As for his question about HashMaps/HashTables, Object is really the 
nearest equivialent.

Dictionary should be used where you keys are themselves Objects, like 
a Dictionary with data rows as keys and the value being a component 






--- In [email protected], "ben.clinkinbeard" 

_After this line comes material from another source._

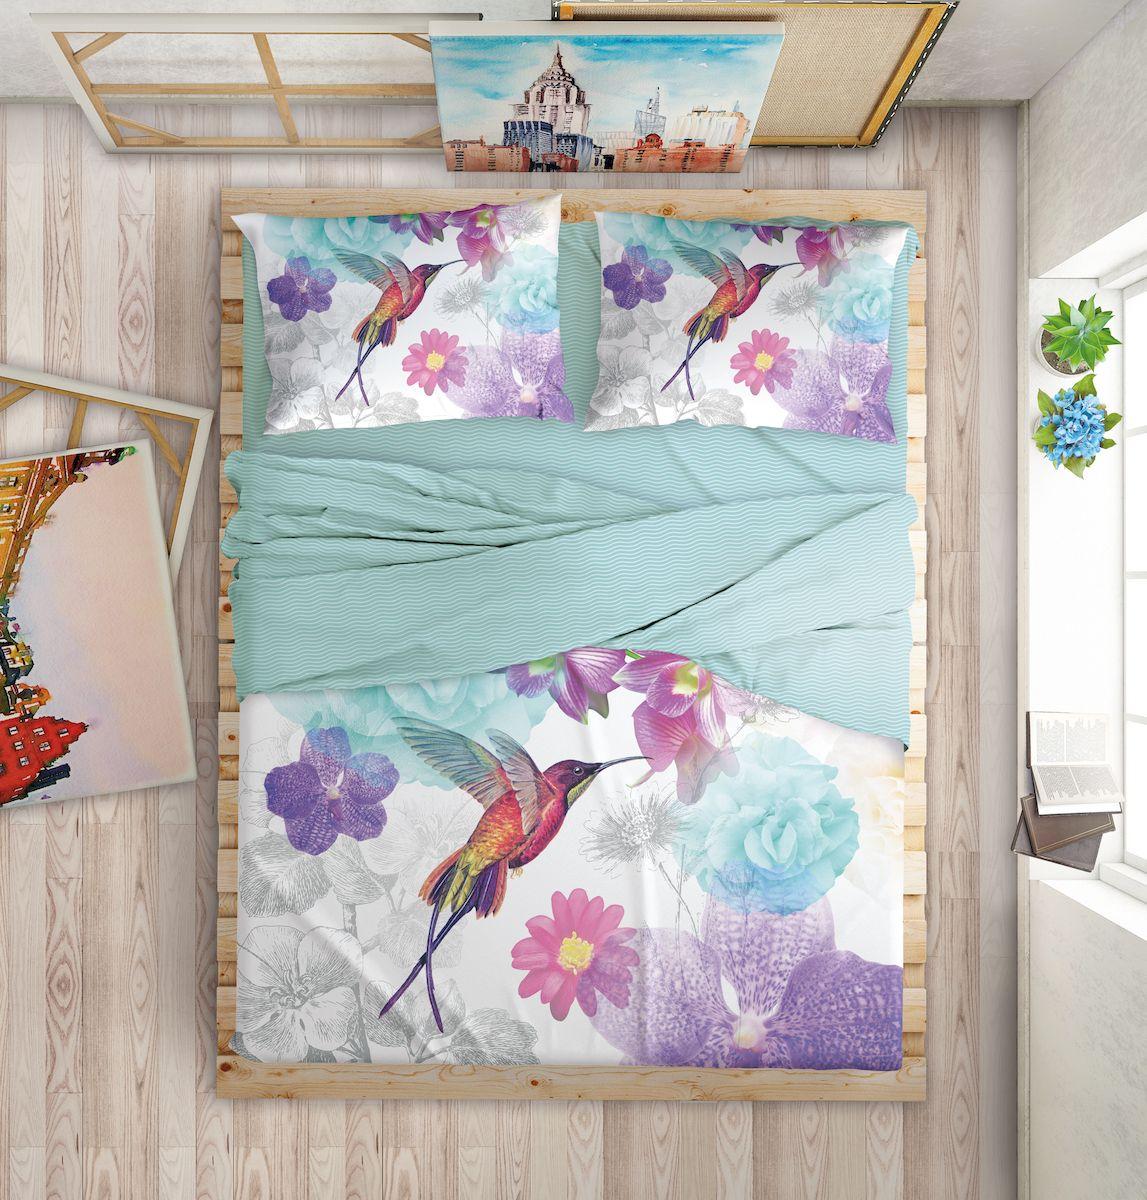 Комплект белья Love Me Fairytale, евро, наволочки 50х70, 70х70, цвет: голубой, фиолетовый198975Международный бренд для молодых, современных, стильных. Love Me - бренд качественного постельного белья, для молодых людей, создающий ощущение комфорта, защищенности и уюта. При этом - модный, современный, стильный. Упаковка выполнена в оригинальном стиле - имитирует модель сумки Furla.

<[EMAIL PROTECTED]> wrote:
>
> Hi Simon,
> 
> Dictionary will work for you. Strings are passed by value, so it
> doesn't matter if you have the same key var or not. Run this code to
> see an example.
> 
> var d:Dictionary = new Dictionary();
> var s1:String = "foo";
> var s2:String = "foo";
> d[s1] = "bar";
> trace(d[s2]);
> 
> As for what to use as the iterator, that depends on what your
> collection is holding. If you don't know, or it holds more than one
> type of object, Object or * would be the type of your iterator. If 
you
> know you have a collection of Dog instances, use a Dog iterator.
> 
> HTH,
> Ben
> 
> 
> --- In [email protected], "simonjpalmer" <simonjpalmer@>
> wrote:
> >
> > thanks, sorry to be dim, but what exactly do I put as the 
iterator in
> > these loops?
> > 
> > for each (<what> in map)
> > 
> > Can I use...
> > 
> > var o:Object;
> > for each (o in map)?
> > 
> > Incidentally I don't think a Dictionary works in my particular
> > instance because it uses the strict equality === operator which 
means
> > that I can only retrieve items if I have the exact same object 
that I
> > used as the key.
> > 
> > In my case I am using a String UID value as the key so I can look 
up
> > objects from the map from lots of different places.  I can 
guarantee
> > that I will *not* have the same instance of the key object when I 
look
> > up the right hand side of the map, instead I have a String which
> > contains the same characters as the original key.  
> > 
> > So == will work, but === will not, which unfortunately makes the
> > Dictionary object useless for my purposes.
> > 
> > Simon
> > 
> > --- In [email protected], "ben.clinkinbeard"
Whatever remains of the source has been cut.